Microglia provide immune defense in the central nervous system (CNS) through functions that include cytokine and cytotoxin secretion and phagocytosis. However, in several CNS disorders such as Alzheimer’s disease, aberrant activation of microglia causes decreased phagocytic activity and increased neurotoxicity due to the release of cytotoxic reactive oxygen (ROS) and nitrogen (RNS) species and pro-inflammatory cytokines.

The growth factor interleukin (IL)-34 and neurotrophins (NTs) brain-derived neurotrophic factor (BDNF) and nerve growth factor (NGF), as well as the proneurotrophin proBDNF are important for trophic signaling and regulation of survival and apoptosis in neurons.

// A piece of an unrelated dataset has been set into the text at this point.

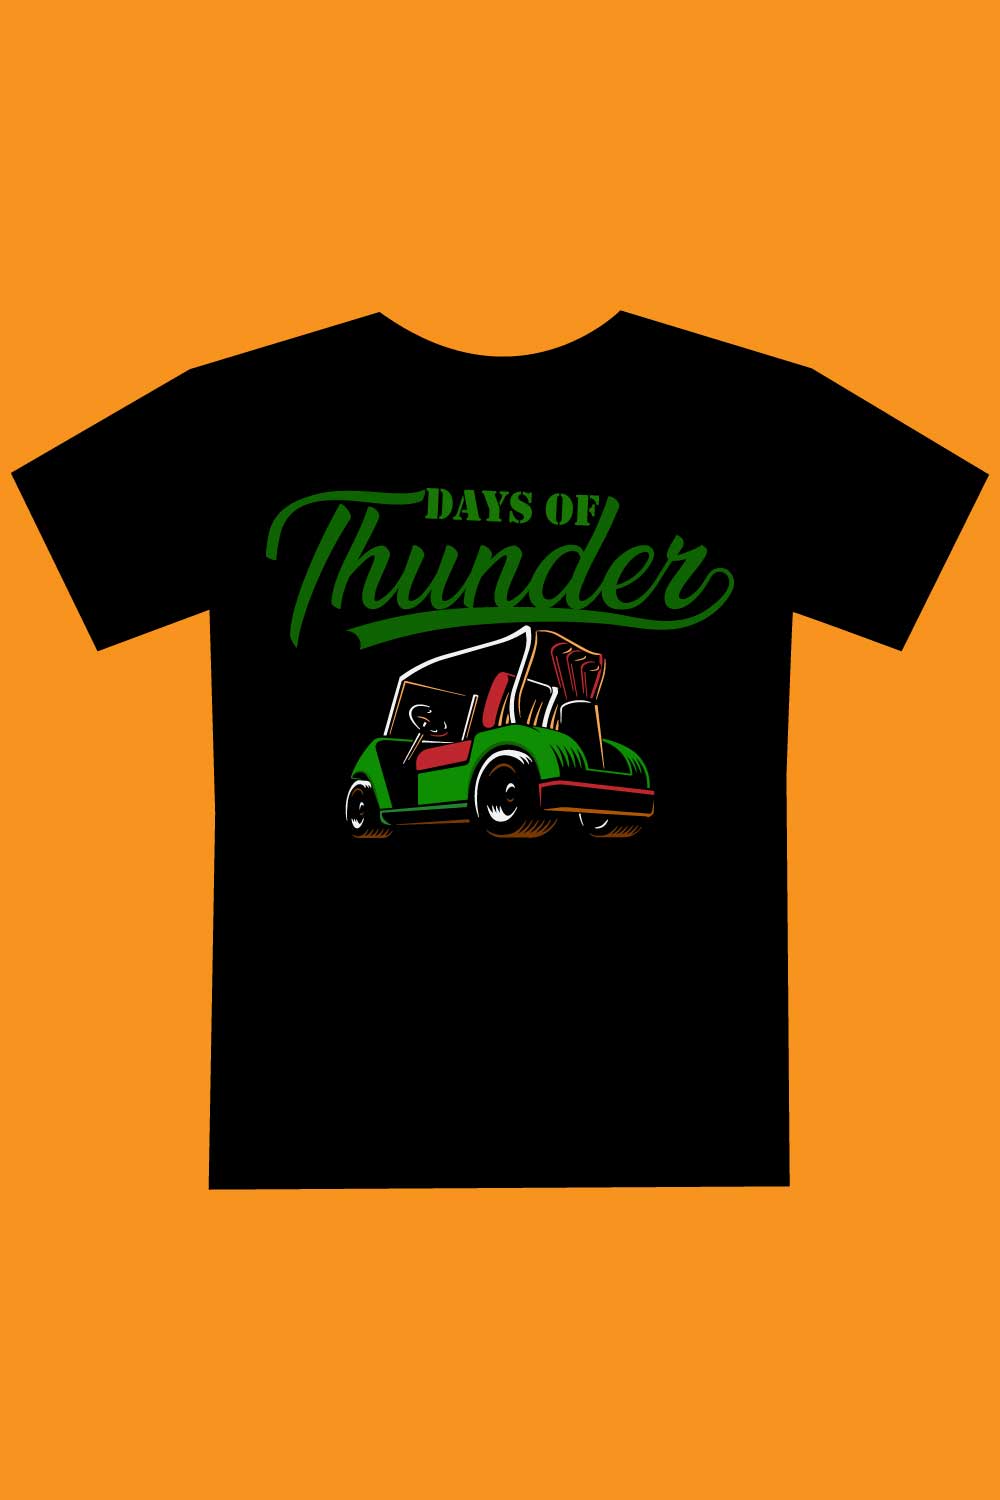 Days of Thunder T shirt design pinterest preview image.

The effects of these compounds are mediated through the IL-34 receptor, colony-stimulating factor-1 receptor, and the NT receptors (NTRs), tropomyosin-receptor kinase (Trk)A, TrkB, and p75NTR. These growth factors and proBDNF also have profound CNS effects by binding to their receptors on other cell types, including microglia. IL-34, BDNF, and NGF have been shown to have therapeutic potential by reducing microglial immune activation. However, the large size of BDNF and NGF prevents them from penetrating the blood-brain barrier easily. Therefore, small molecules were developed to circumvent these issues while retaining the ability to activate NTR signaling pathways, including the TrkA ligand GK-2, TrkB ligand GSB-106, and p75NTR ligand LM11A-31.

In my thesis work, I addressed knowledge gaps surrounding the effects of these three ligands as well as proBDNF and IL-34 on microglial neuroinflammatory functions. Chapter three demonstrates that IL-34 increased phagocytic activity of unstimulated and stimulated microglia, decreased ROS release by primed microglia-like cells, reduced monocyte chemoattractant protein (MCP)-1 secretion by stimulated microglia-like cells, and raised RNS production by unstimulated microglia. In chapter four, I show that LM11A-31 and proBDNF decreased the release of ROS by microglia-like cells and proBDNF increased the phagocytic activity of microglia. Chapter five shows that GK-2 decreased the release of ROS by primed microglia-like cells and the phagocytic activity of stimulated microglia. GSB-106 lowered the production of ROS in unprimed and primed microglia-like cells and the secretion of MCP-1 in stimulated microglia-like cells. Therefore, my research showed that IL-34, LM11A-31, proBDNF, GK-2, and GSB-106 regulate select immune processes of microglia and microglia-like cells.